L’Assemblée nationale a officiellement enclenché, ce mercredi 21mai, une procédure inédite visant à examiner la demande de levée de l’immunité parlementaire de Constant Mutamba, ministre d’État, ministre de la Justice et Garde des Sceaux. La décision a été prise à la suite de la lecture du réquisitoire du procureur général près la Cour de cassation, Firmin Mvonde, sollicitant l’autorisation d’ouvrir une information judiciaire contre l’élu de Lubao.
En réponse à cette requête, le président de la chambre basse, Vital Kamerhe, a annoncé la création d’une commission spéciale chargée d’auditionner les deux parties : d’abord le ministre Mutamba, ensuite le procureur Mvonde.
« Nous allons demander aux différents présidents des groupes parlementaires de désigner par écrit, aujourd’hui même, un membre qui siégera dans cette commission », a déclaré Kamerhe depuis le perchoir, insistant sur le respect strict du règlement intérieur.
Une affaire aux ramifications complexes
Au cœur de cette procédure judiciaire : un soupçon de détournement de 39 millions de dollars américains alloués à la construction d’une prison moderne à Kisangani, dans la province de la Tshopo. D’après le réquisitoire du procureur, 19 millions de ces fonds proviendraient du FRIVAO (Fonds de Réparation des Victimes des Activités Illicites de l’Ouganda en RDC) et auraient été transférés à Zion Construction SARL, société adjudicataire du marché.
Problème : cette entreprise n’aurait vu le jour qu’en mars 2024, soit quelques semaines avant la signature du contrat. Pire encore, aucune procédure d’appel d’offres en bonne et due forme n’aurait été respectée, selon plusieurs sources parlementaires.

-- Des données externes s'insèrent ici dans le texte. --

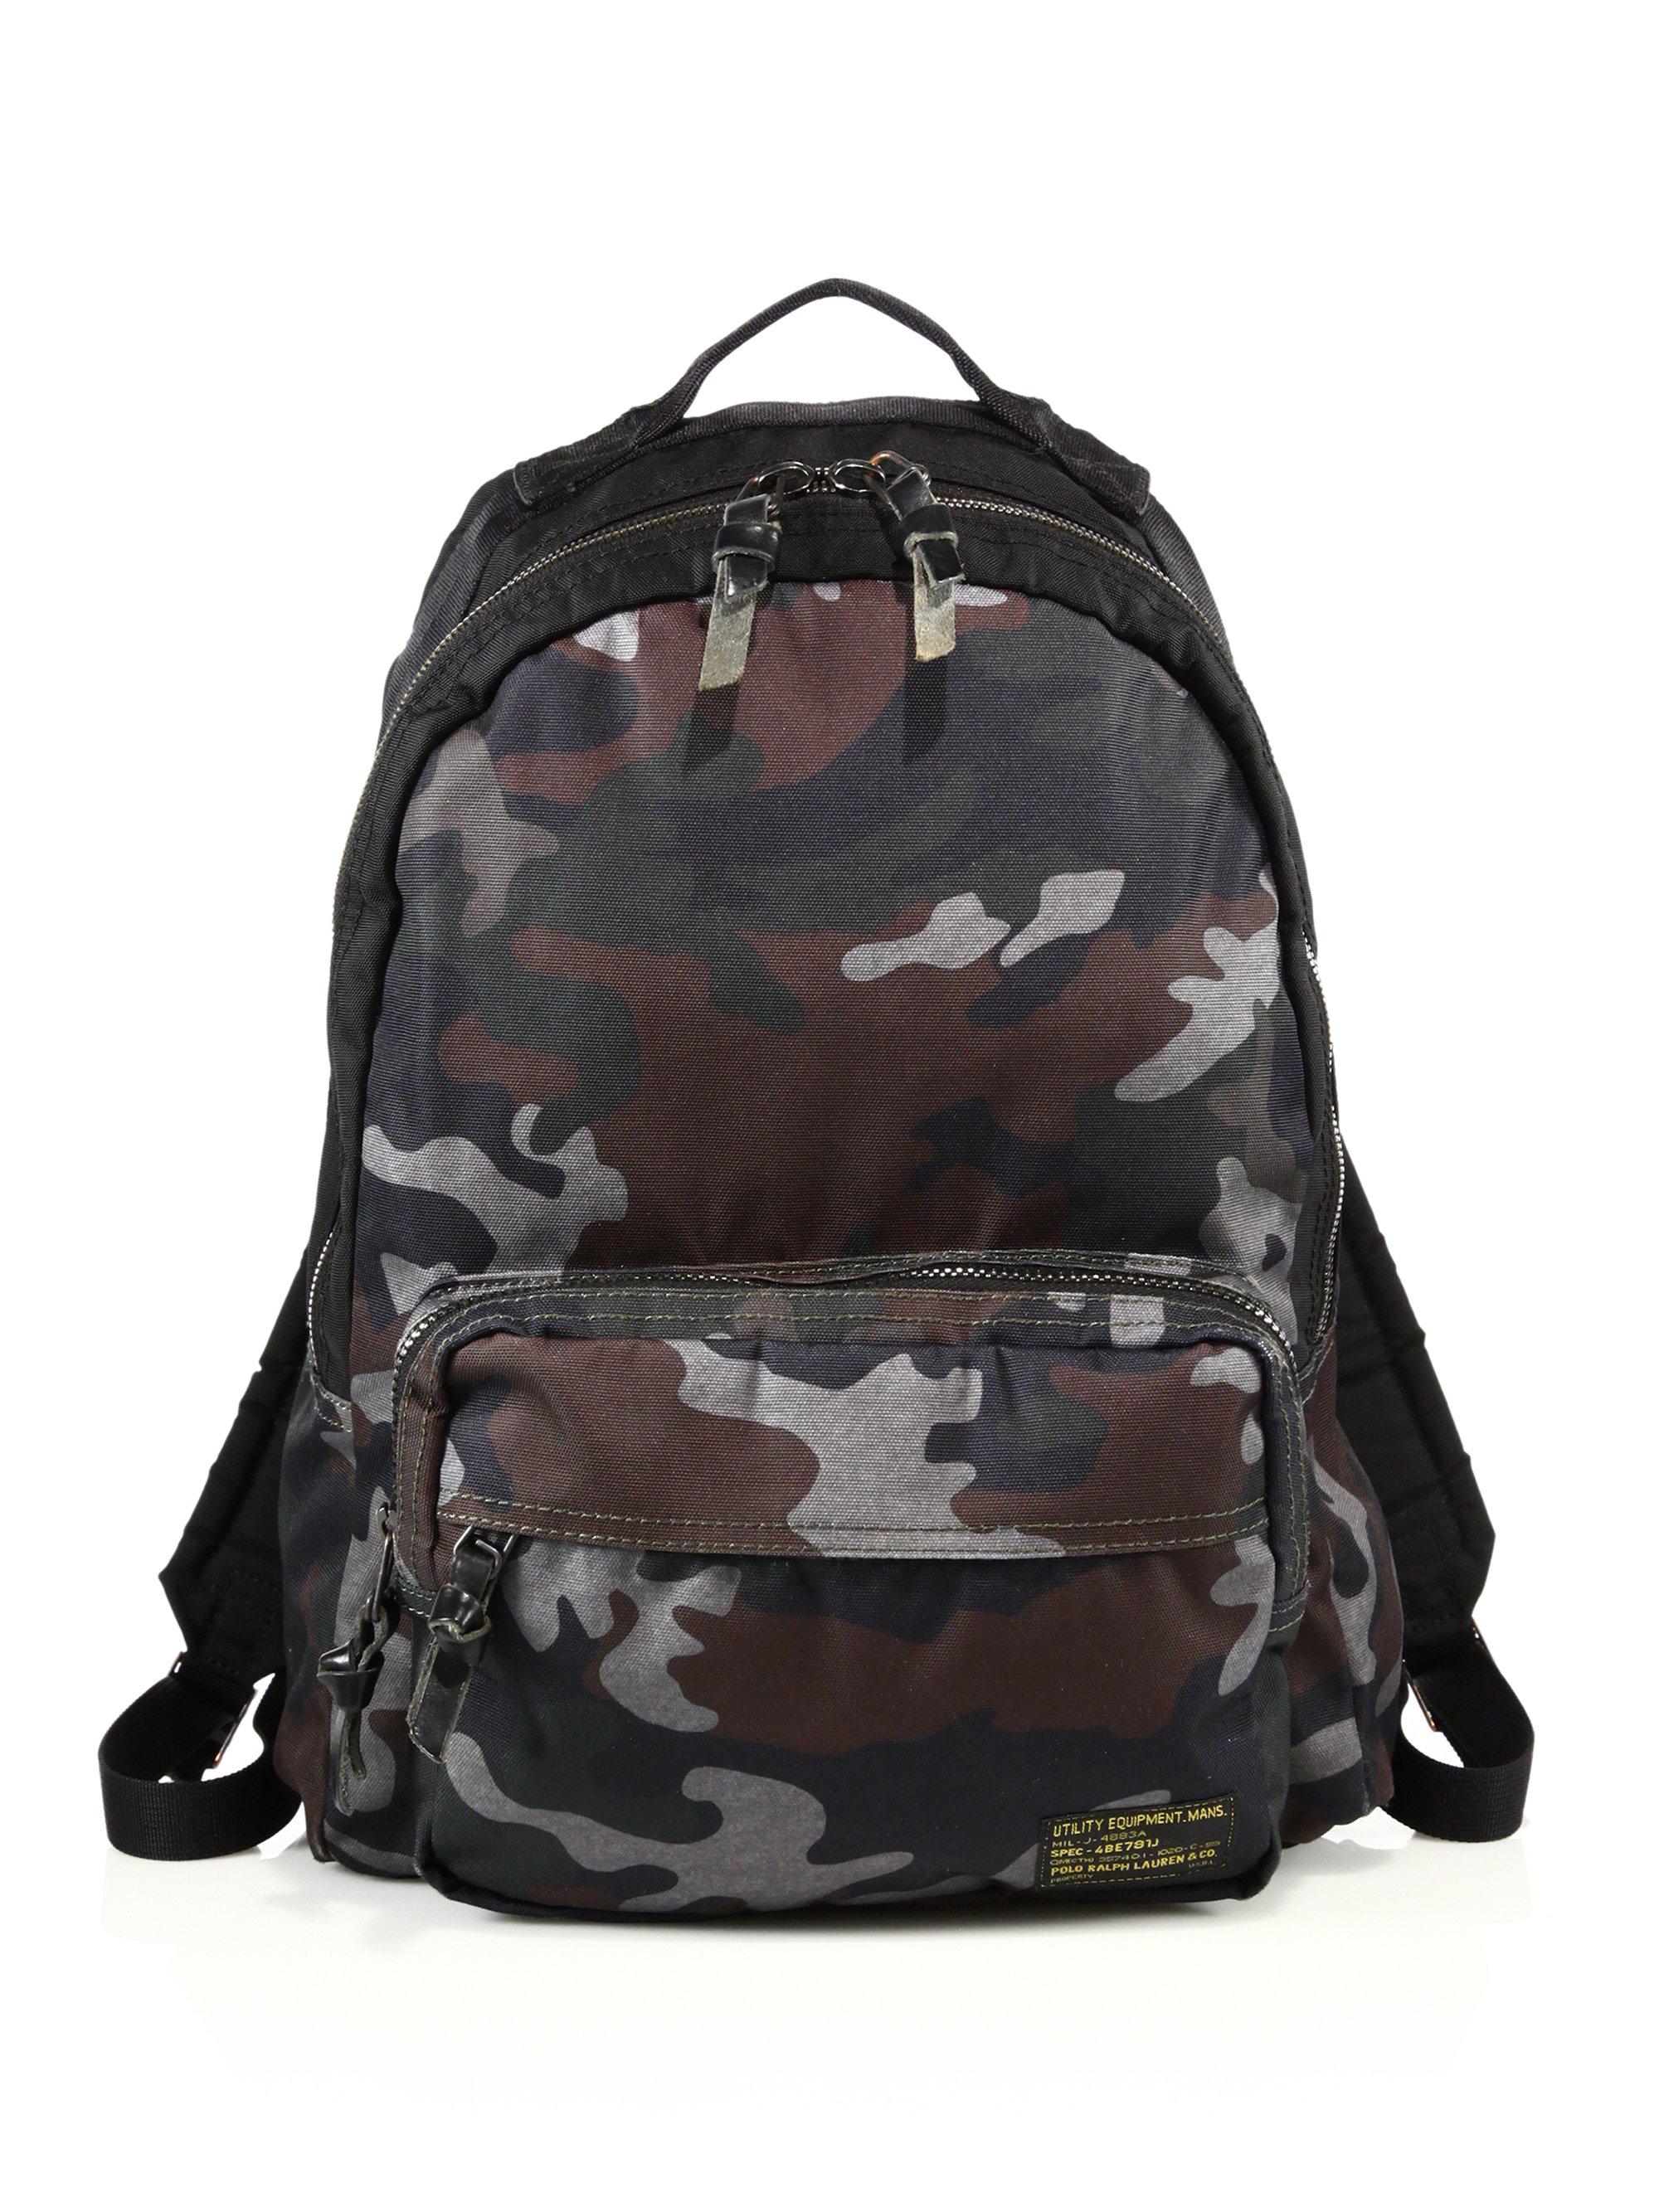 7f7b307a4da2 Polo ralph lauren Camo Backpack for Men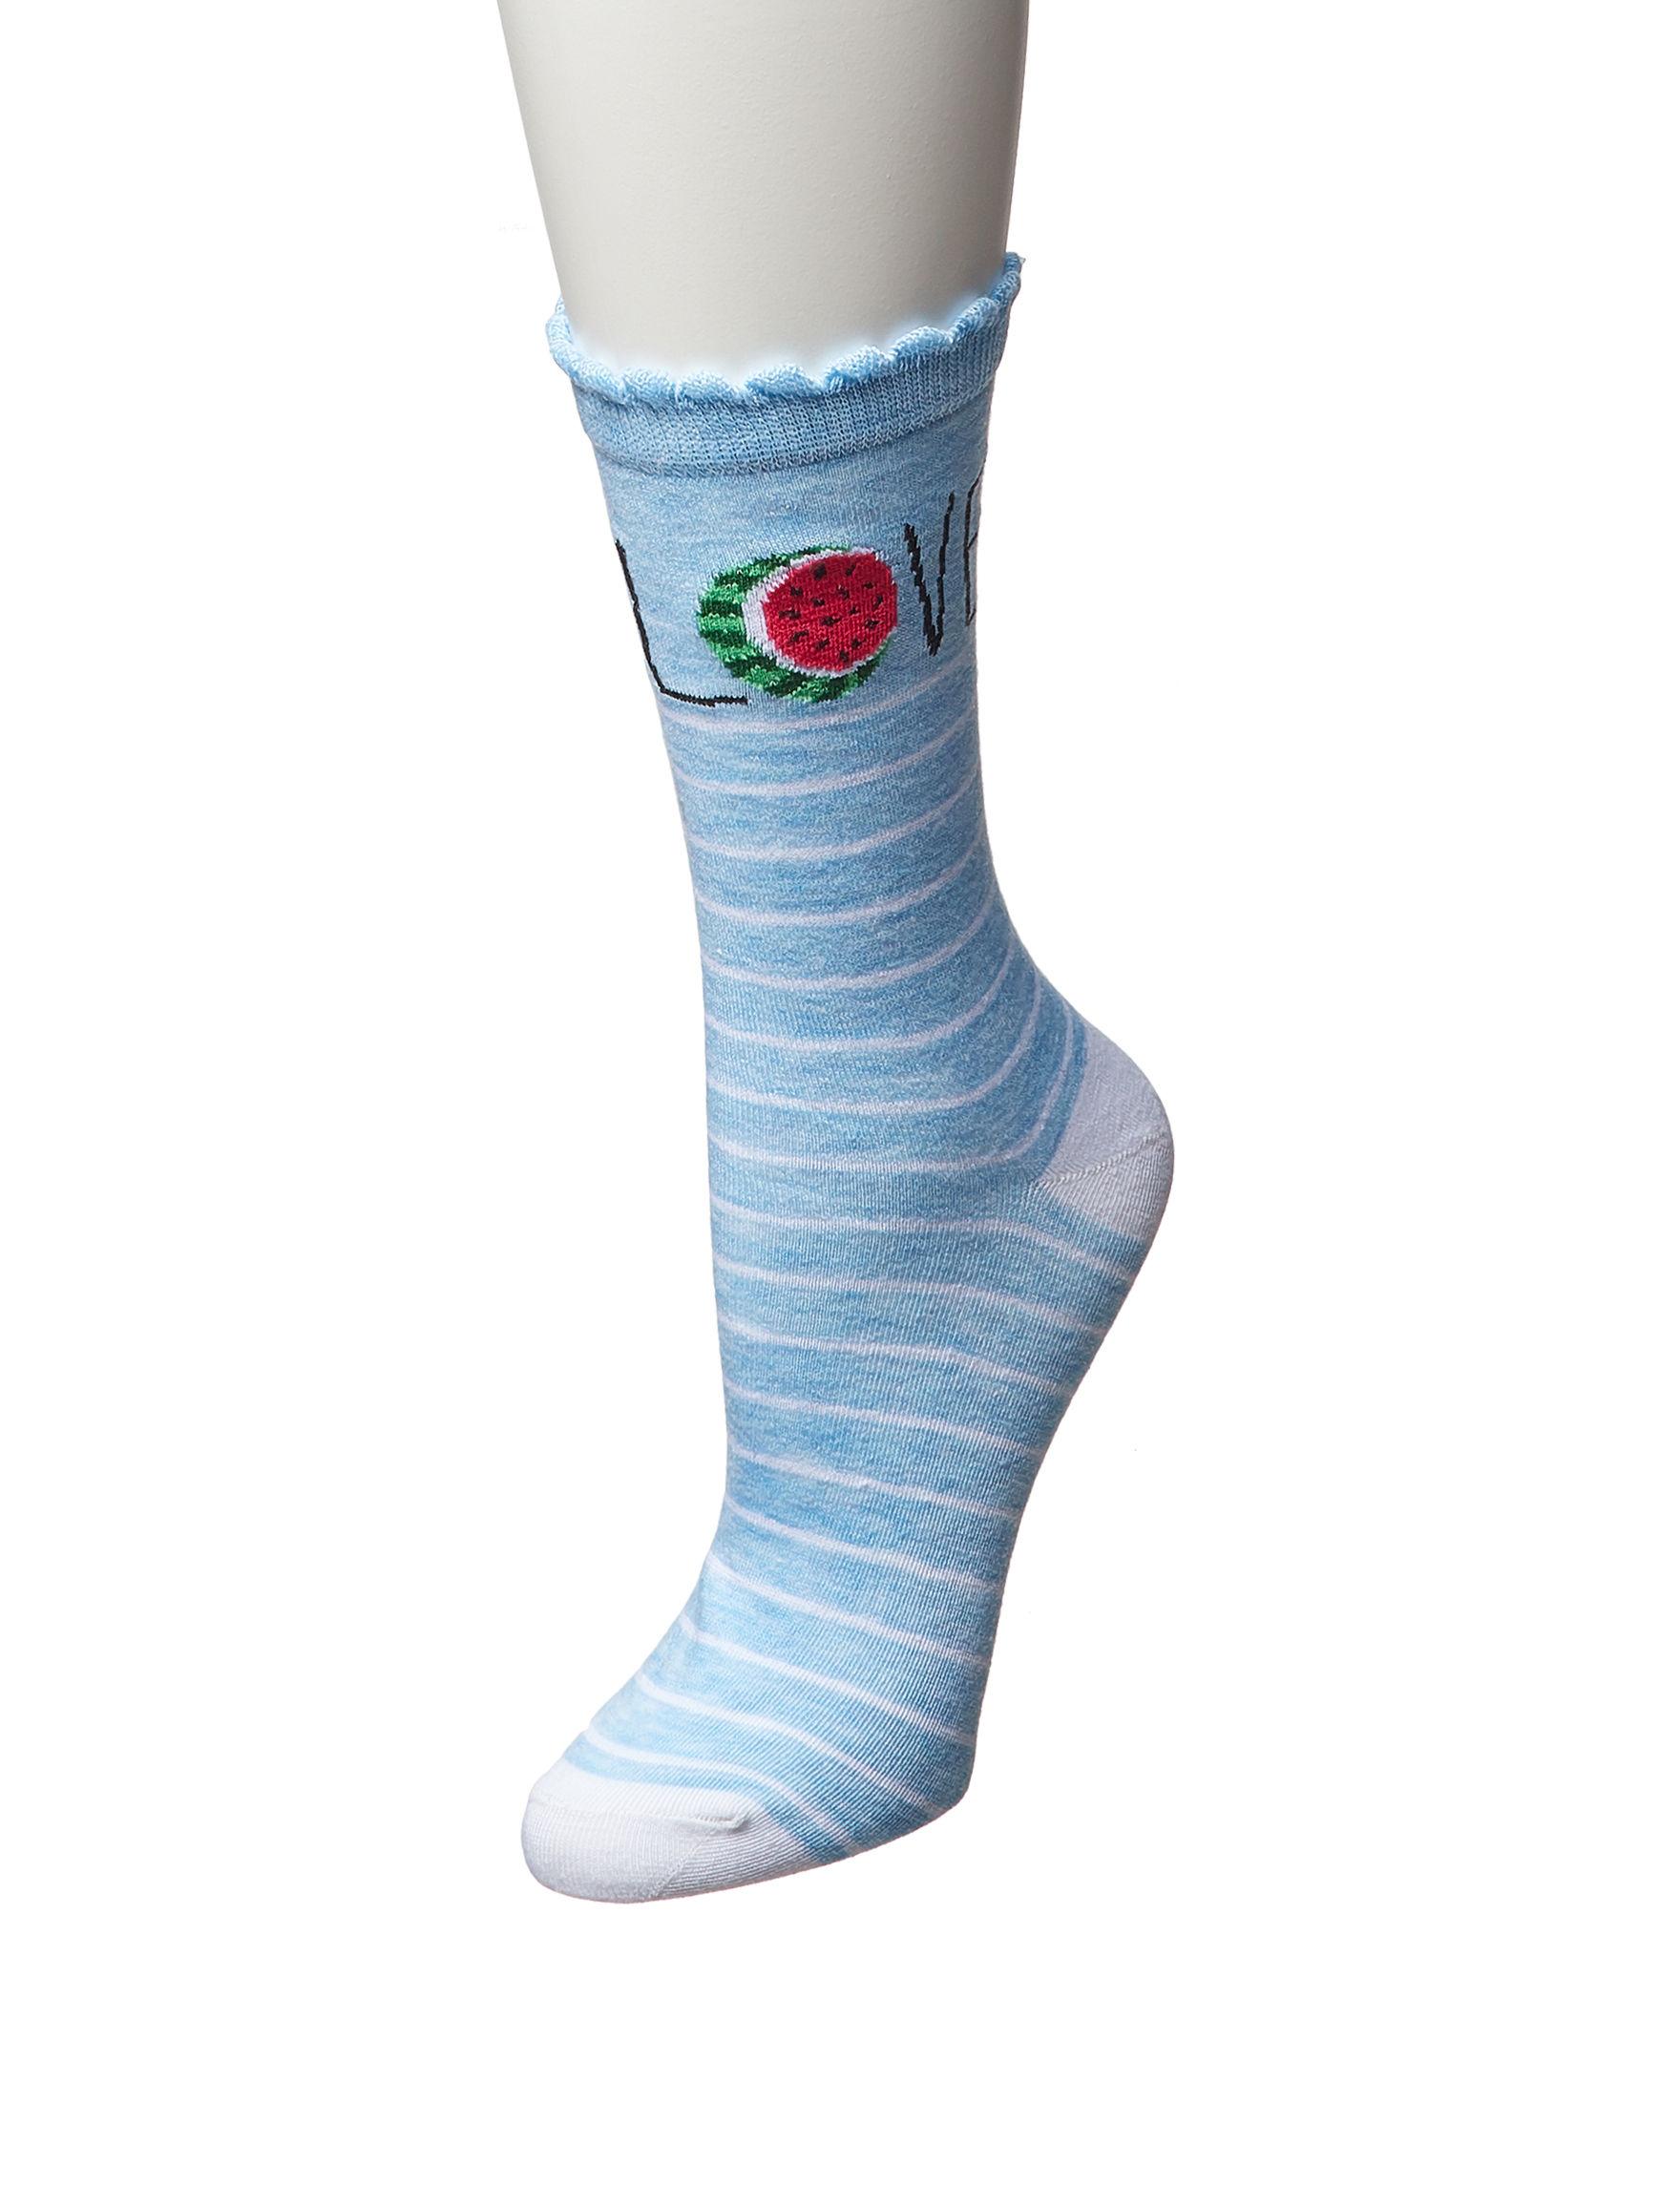 Keep Your Socks On Blue Multi Socks

Cette opacité a rapidement alerté certains élus. Les députés Fontaine Mangala et Willy Mishiki avaient, bien avant la saisie du parquet, interpellé Constant Mutamba à travers des questions orales avec débat. Mishiki est même allé jusqu’à évoquer un « détournement en réseau », qui impliquerait également les ministres du Budget et des Finances.
Des révélations préoccupantes
Dans une correspondance officielle adressée à la Première ministre Judith Suminwa, la Cellule nationale des renseignements financiers (CENAREF) a confirmé qu’un transfert de 19 millions USD avait bien été effectué au profit de Zion Construction SARL. Une révélation qui vient accréditer la thèse d’un usage potentiellement irrégulier des fonds publics.
Face à cette pression croissante, le ministre des Finances a tenté de désamorcer la polémique en affirmant qu’« aucun paiement effectif n’a encore été réalisé dans le cadre de ce projet ». Une version que rejette en bloc le procureur Mvonde.
Mutamba contre-attaque
Constant Mutamba, pour sa part, rejette toutes les accusations portées contre lui. Il affirme que le projet de construction est légal, prioritaire, et justifié par la surpopulation carcérale chronique, en particulier dans les provinces de l’Est secouées par l’insécurité.
« Les fonds sont encore logés dans un compte séquestre et donc inaccessibles à l’entreprise adjudicataire. Le dossier reste en traitement à la Primature », a-t-il déclaré lors d’un échange informel avec des journalistes dans les couloirs de l’Assemblée.
Une étape décisive
La commission spéciale aura désormais la tâche cruciale d’entendre les versions des deux parties avant de soumettre un rapport détaillé à la plénière, seule habilitée à se prononcer sur la levée ou non de l’immunité du ministre Mutamba.
Il s’agit d’une procédure inédite sous cette législature, qui pourrait soit marquer un tournant dans la lutte contre l’impunité des hauts responsables, soit mettre en lumière les limites politiques de l’Assemblée nationale face à un scandale d’État naissant.